▶ Your objective
Retype the material that follows exactly, limited to the lines from the one with "Viyella Long Sleeve Stripe Rugby Shirt, Blue" through the one with "Carcinosin Mix", and keep out all pictures.

▶ Given information
======

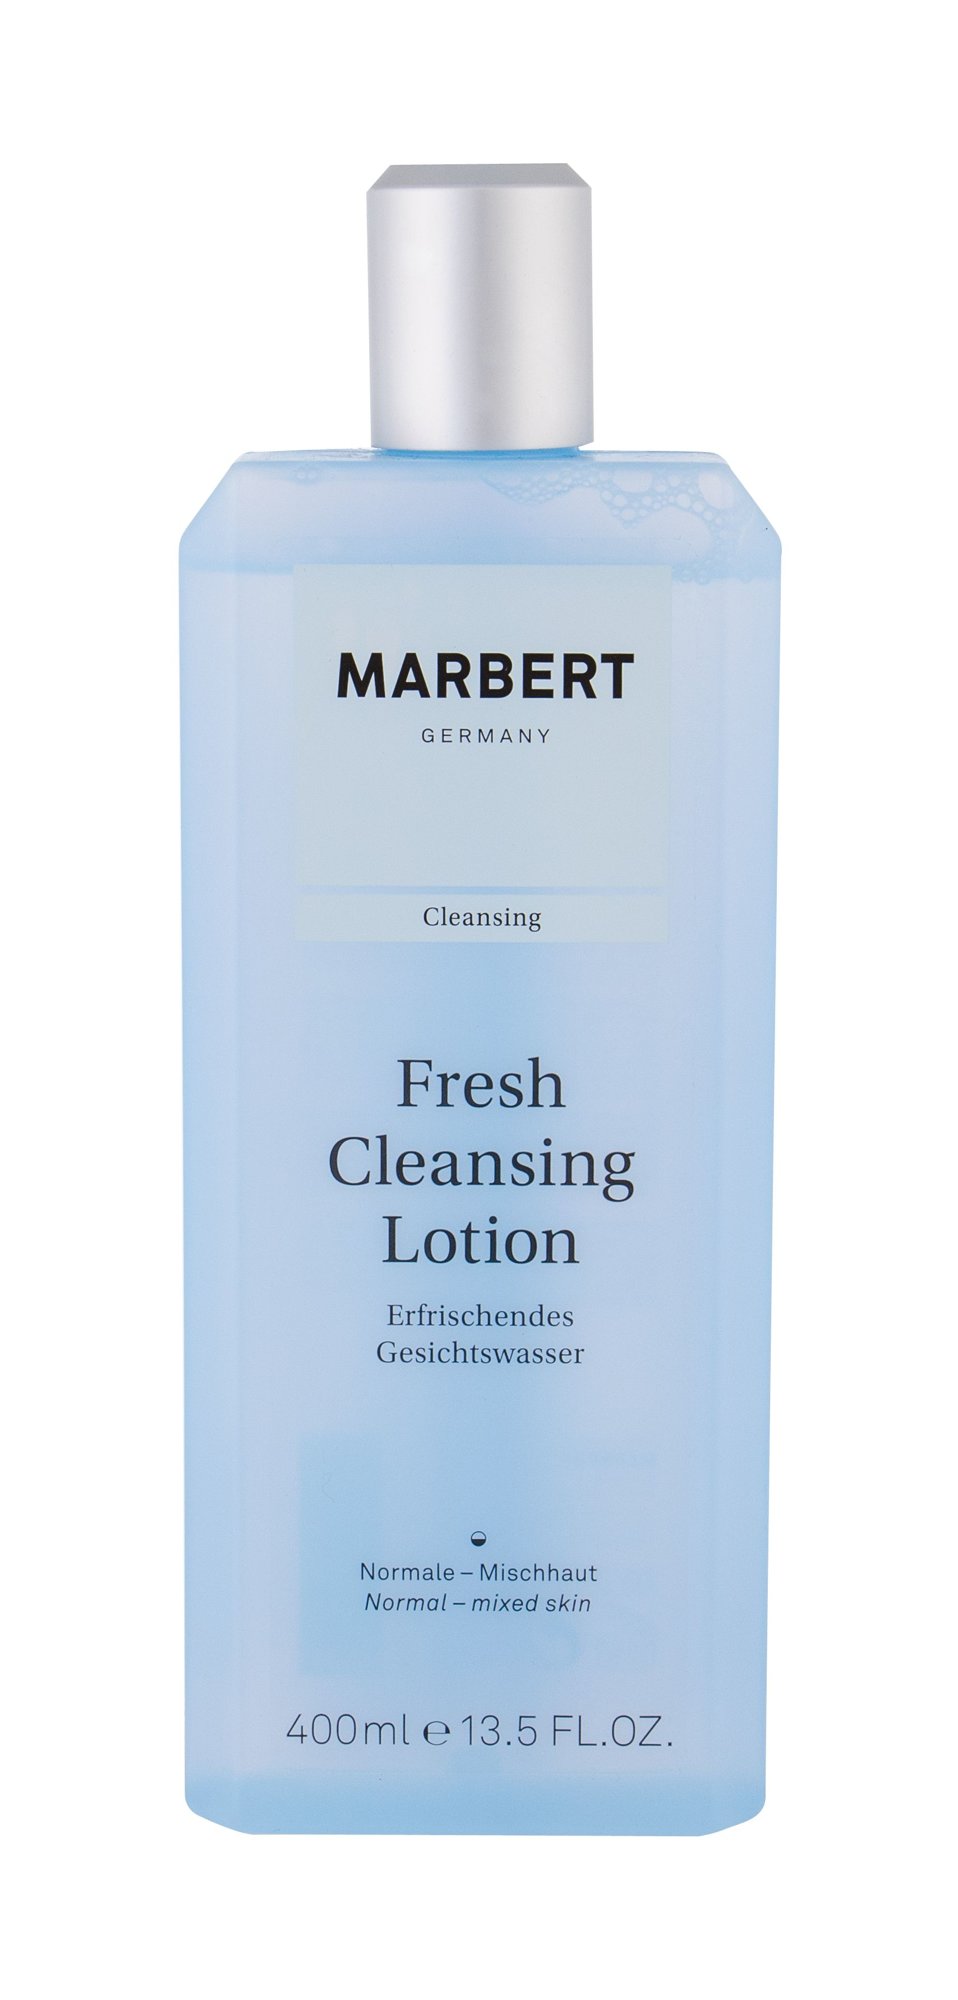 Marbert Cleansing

======

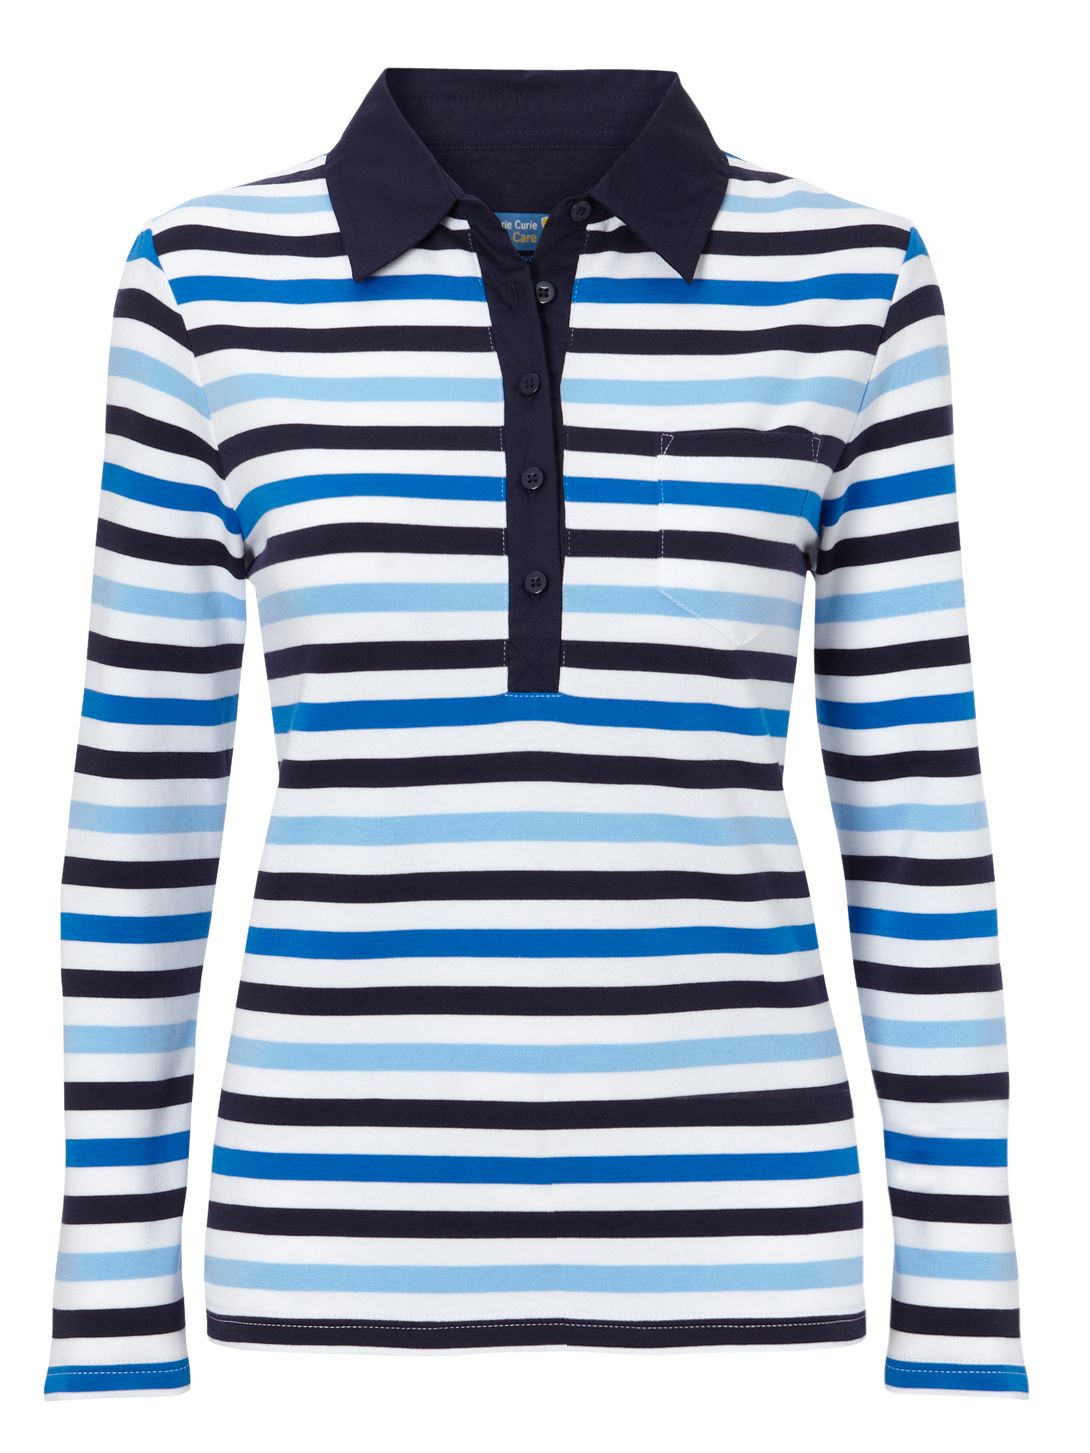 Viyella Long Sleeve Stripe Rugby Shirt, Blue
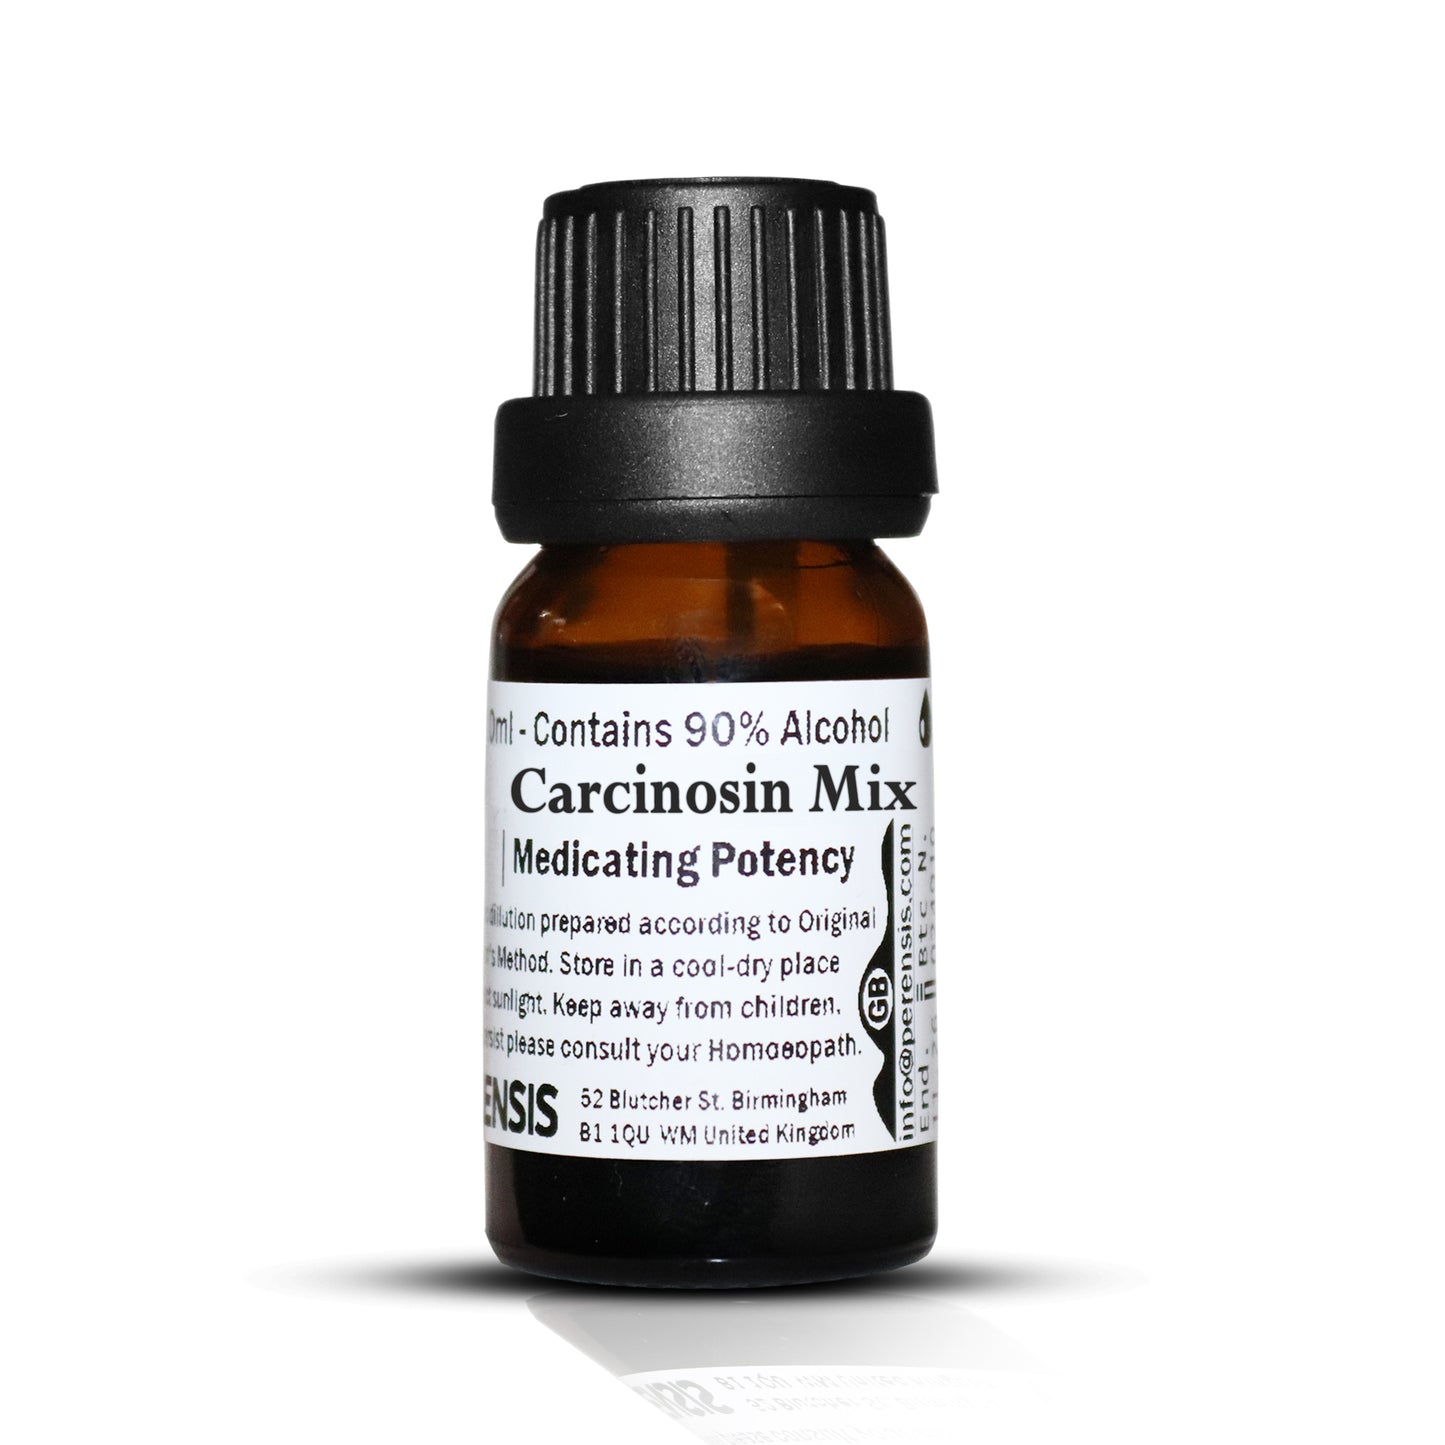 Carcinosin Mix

======

▶ Written reply
 Viyella Long Sleeve Stripe Rugby Shirt, Blue
 Carcinosin Mix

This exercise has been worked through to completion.